US 11,868,439 B2
	Mixed-batch training of a multi-task network
Vitor Guizilini, Santa Clara, CA (US); Adrien David Gaidon, Mountain View, CA (US); Jie Li, Los Altos, CA (US); and Rares A. Ambrus, San Francisco, CA (US)
Assigned to Toyota Research Institute, Inc., Los Altos, CA (US)
Filed by Toyota Research Institute, Inc., Los Altos, CA (US)
Filed on Mar. 29, 2021, as Appl. No. 17/215,646.
Claims priority of provisional application 63/113,477, filed on Nov. 13, 2020.
Prior Publication US 2022/0156525 A1, May 19, 2022
Int. Cl. G06F 18/21 (2023.01); G06T 9/00 (2006.01); G06V 20/56 (2022.01); G06V 20/64 (2022.01); G06T 7/73 (2017.01); G06T 7/50 (2017.01); G06F 18/214 (2023.01)

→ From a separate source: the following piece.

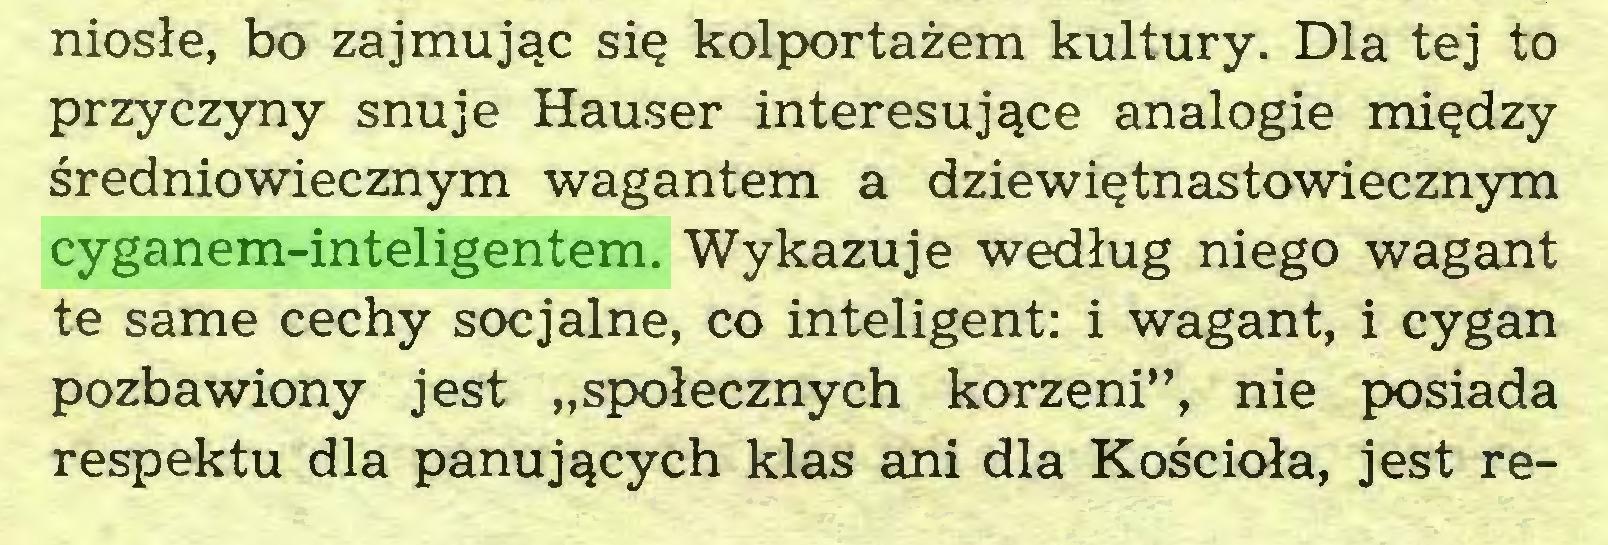 """(...) niosłe, bo zajmując się kolportażem kultury. Dla tej to przyczyny snuje Hauser interesujące analogie między średniowiecznym wagantem a dziewiętnastowiecznym cyganem-inteligentem. Wykazuje według niego wagant te same cechy socjalne, co inteligent: i wagant, i cygan pozbawiony jest """"społecznych korzeni"""", nie posiada respektu dla panujących klas ani dla Kościoła, jest re..."""

CPC G06F 18/2178 (2023.01) [G06F 18/2148 (2023.01); G06T 7/50 (2017.01); G06T 7/74 (2017.01); G06T 9/002 (2013.01); G06V 20/56 (2022.01); G06V 20/64 (2022.01); G06T 2207/10024 (2013.01); G06T 2207/10028 (2013.01); G06T 2207/20081 (2013.01); G06T 2207/20084 (2013.01)]

17 Claims

1. A perception system, comprising:

one or more processors; and

a memory communicably coupled to the one or more processors and storing:

a network module including instructions that, when executed by the one or more processors, cause the one or more processors to:

acquire training data that includes real data and virtual data for training a multi-task network that performs at least depth prediction and semantic segmentation, the virtual data including synthetic images;

generate a first output from the multi-task network using the real data and second output from the multi-task network using the virtual data over separate executions of the multi-task network;

generate a mixed loss by analyzing the first output to produce a real loss that includes at least a self-supervised loss and the second output to produce a virtual loss that includes a supervised loss comprised of a semantic loss, a depth loss, a surface normal loss, and a synthesis loss; and

update the multi-task network using the mixed loss.